I have to say that point code is faster than numpy's. But what if i want to do a more complex operation with point. for example for every pixel check the max(r,g,b) and do something depending on if r=max or g=max or b=max. As you saw i used the point with function as argument. It takes one argument i. what is this i? is it the pixel?(i.e i=(r,g,b)?).I can't seem to understand from the pil documentation

The docs may not have been clear in earlier versions of PIL, but in Pillow it's spelled out pretty well. From Image.point:

lut – A lookup table, containing 256 values per band in the image. A function can be used instead, it should take a single argument. The function is called once for each possible pixel value, and the resulting table is applied to all bands of the image.

In other words, it's not a general-purpose way to map each pixel through a function, it's just a way to dynamically built the lookup table, instead of passing in a pre-built one.
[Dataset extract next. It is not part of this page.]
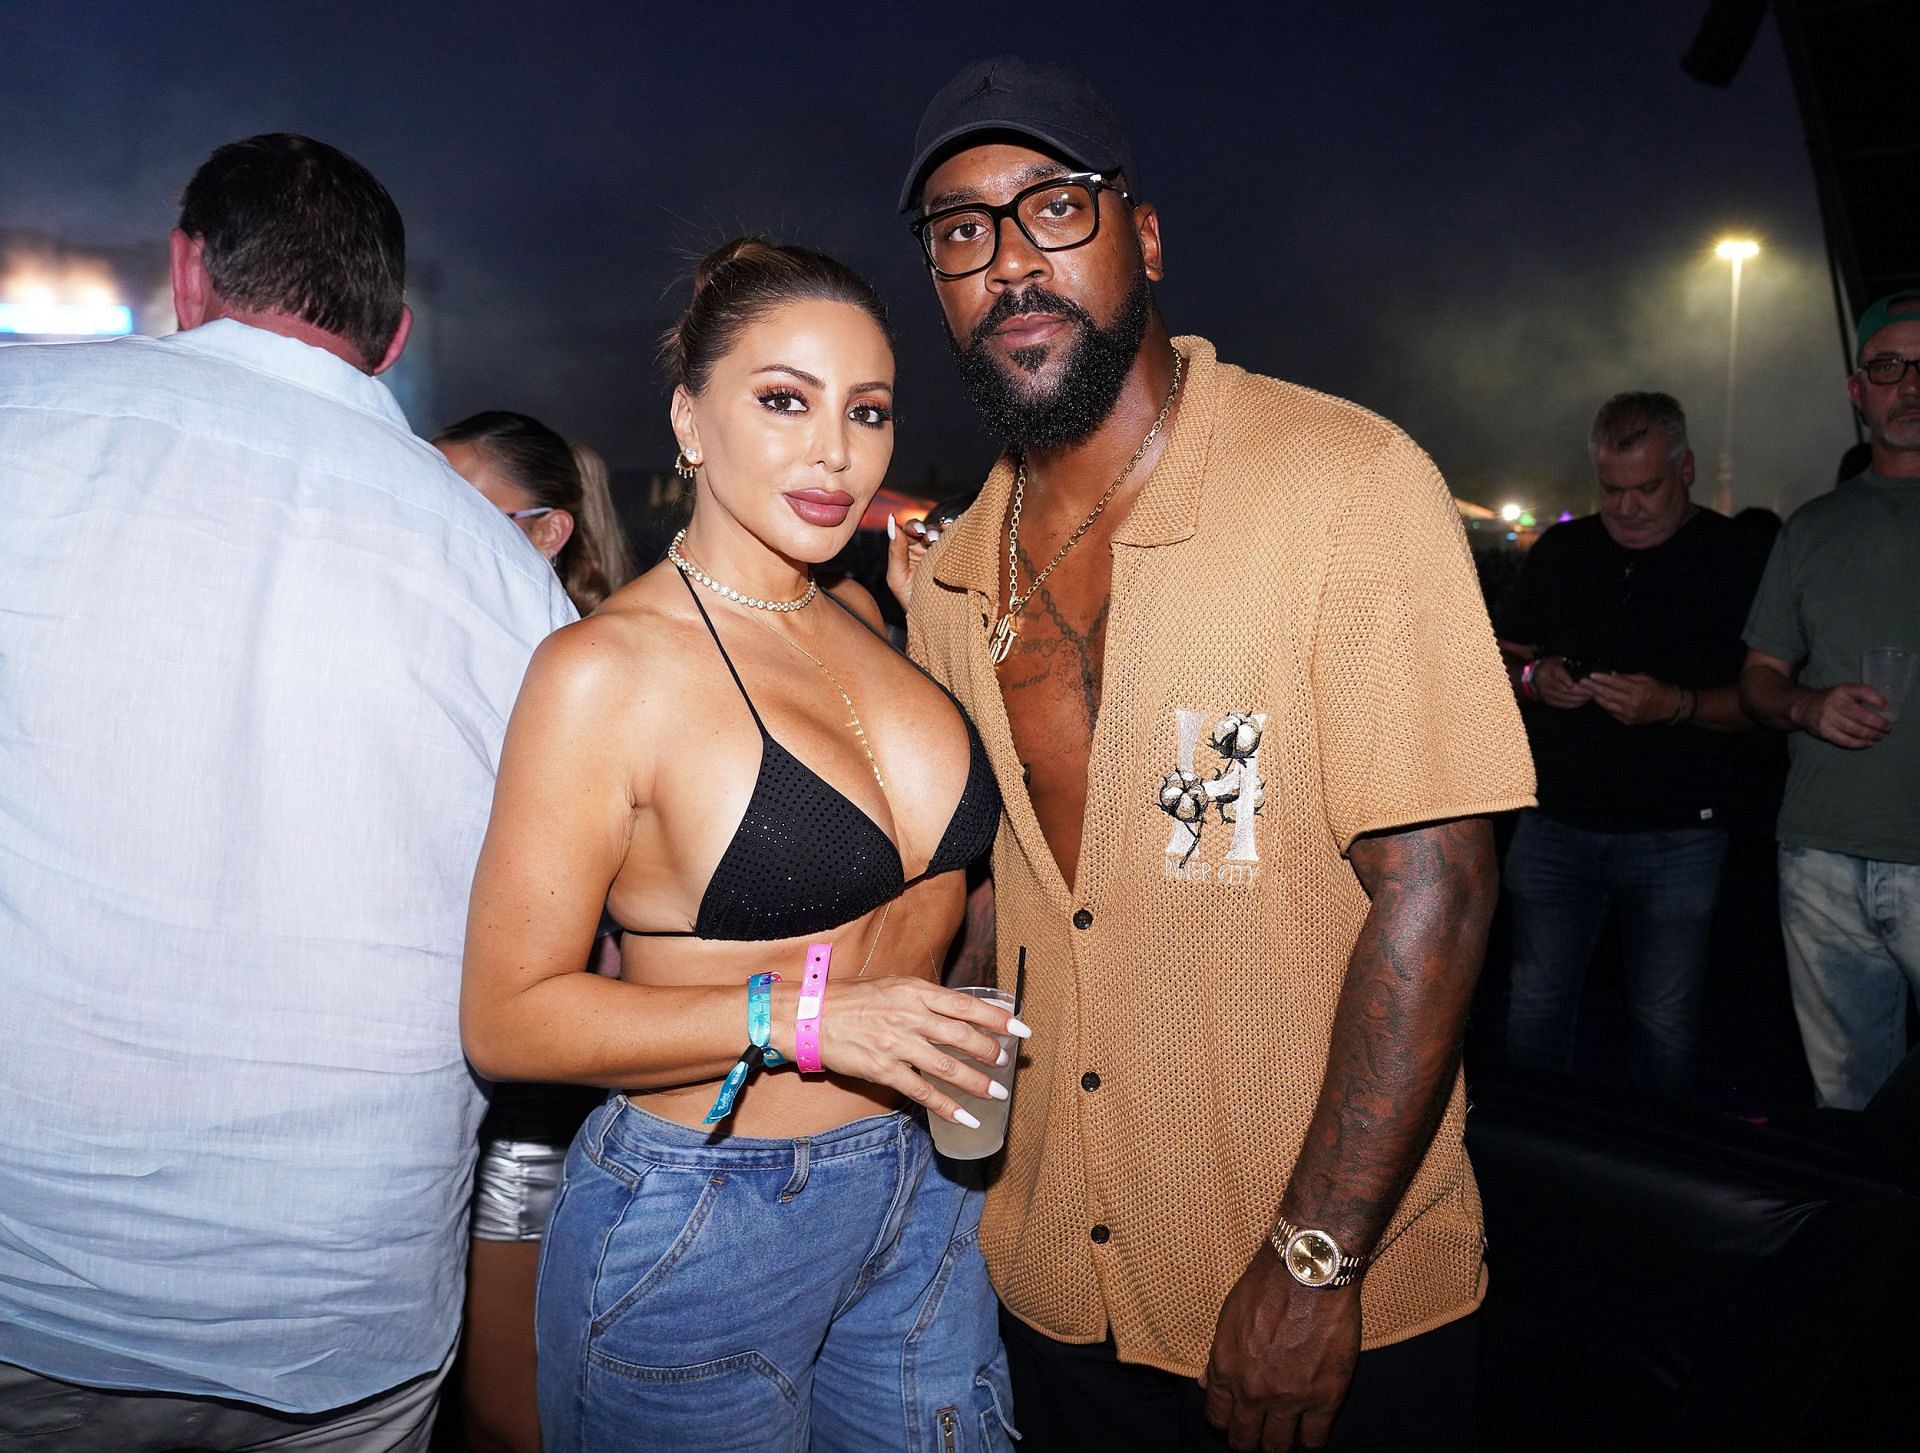 Marcus Jordan shares detail on his sex life with Larsa Pippen

In other words, it's called with the numbers from 0 through 255. (Which you can find out for yourself pretty easily by just writing a function that appends its argument to a global list and then dump out the list at the end…)

If you split your image into separate bands or planes, point each one of them with a different function, and then recombine them, that might be able to accomplish what you're trying to do. But even then, I think eval is what you wanted, not point.

But I think what you really want, which is a pixel-by-pixel all-bands-at-once iterator. And you don't need anything special for that. Just use map or a comprehension over getdata. Isn't that slow? Of course it's slow, because it's calling your function X*Y times; the cost of building the getdata sequence and iterating over it is tiny compared to that cost, so looking for a way for PIL to optimize the already-fast-enough part won't get you very far.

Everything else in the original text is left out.